In its latest monthly oil market report, the IEA said world oil demand is set to hit a record 101.9 million barrels per day, driven mostly by stronger consumption in China after the lifting of Covid restrictions there.
IEA’s prediction of a significant supply shortfall by year-end has triggered an oil price rally. Oil prices were up on Friday and secured a fourth straight week of gains after the forecast that global demand will hit a record high this year on the back of a recovery in Chinese consumption. Brent crude futures settled at $86.31 a barrel after rising by 22 cents or 0.3 per cent, as the US West Texas Intermediate crude futures (WTI) settled at $82.52 a barrel after gaining 36 cents or 0.4 per cent.
Dubai Mercantile Exchange said on Wednesday that global oil demand is expected to reach a total of around 102-million barrels per day in 2023 due to the re-opening of the Chinese economy post-Covid and a rebound in air traffic.

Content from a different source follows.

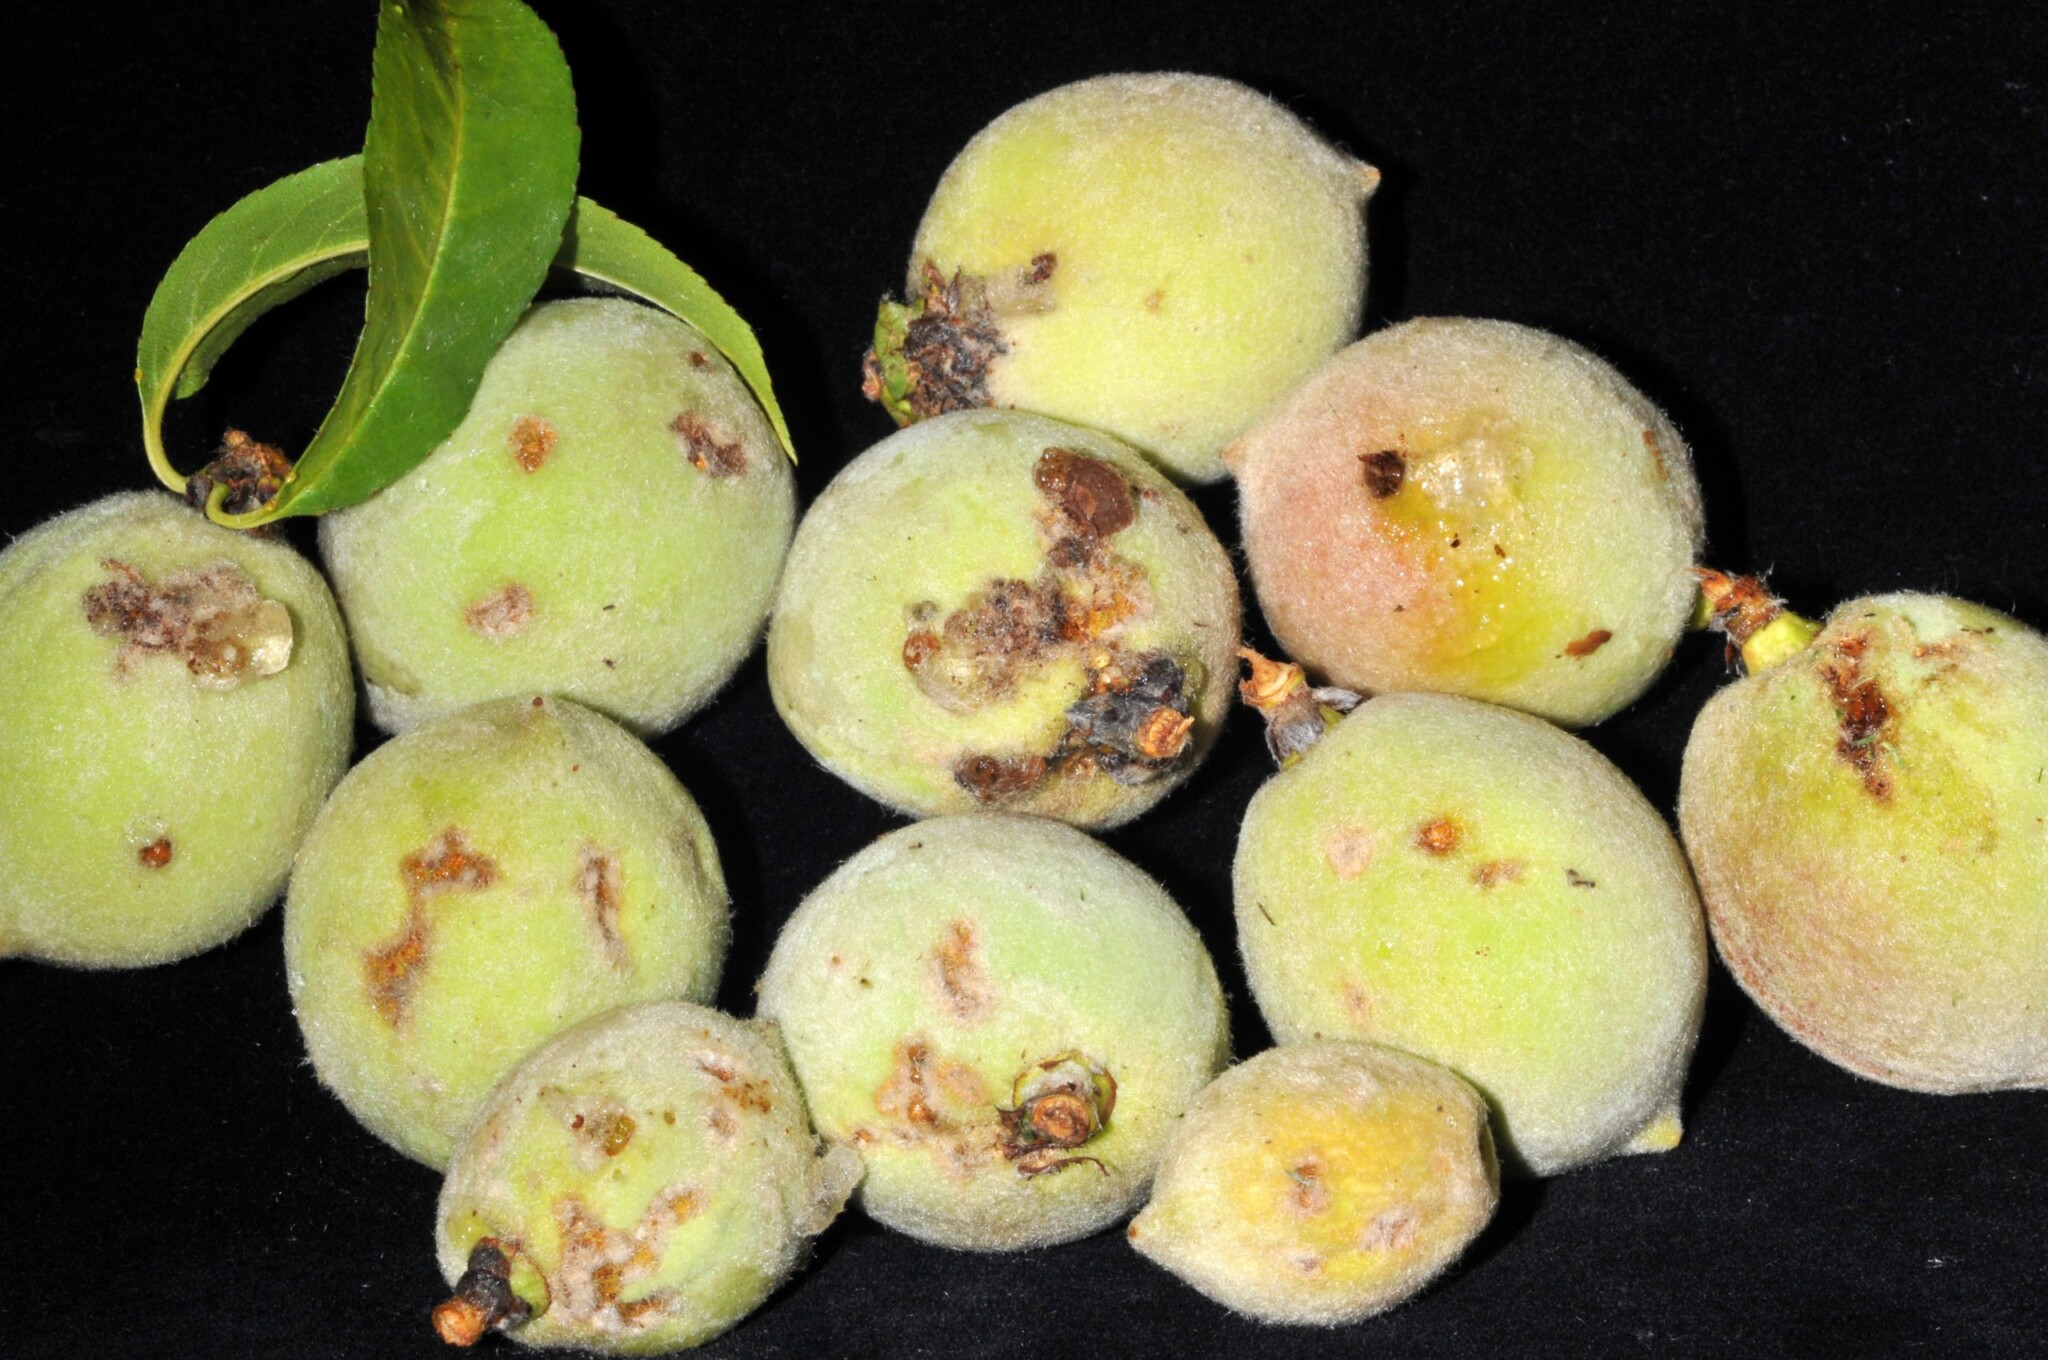 Diagnosing fruit insect pests using signs and symptoms | Purdue ...

IEA’s forecast of a supply deficit is contrary to the latest projection by the US Energy Information Administration that the oil market would remain in surplus despite the surprise Opec cut. The US agency said that the global oil market will remain in surplus this year and next as demand growth could be hurt by lower-than-expected economic growth in the coming months. Despite Opec and Russian production declining, EIA expects global oil production to increase by 1.5 million bpd in 2023.
On the other hand, the London-based IEA said it expected global oil supply to fall by 400,000 barrels per day by the end of the year, citing an expected production increase of 1 million bpd from outside of Opec+ beginning in March versus a 1.4 million barrels per day decline from the group.
Market analysts said signs of demand recovery in China, the top importer of crude oil and products, also provided more support for oil prices. Also helping to boost prices was the US oil rig count, an indicator of future supply, which fell for the third week in a row, according to Baker Hughes data. US oil rigs fell by two to 588 this week, their lowest since June 2022.
According to JP Morgan analyst Christyan Malek, while the surprise decision earlier this month to decrease production by 1.2 million barrels a day was seen as a bullish sign for the oil market, it is a “red flag” for oil stocks because Opec is reacting to weak demand that may take a while to rebound.
He observed that oil stocks have tended to post tepid returns at best after Opec production cuts, even though those cuts are meant to boost oil prices. “On balance, energy equities generally struggle to outperform the broader market and at best trades broadly flat in the context of OPEC cuts aimed at managing supply in the face of deteriorating economic fundamentals,” Malek wrote.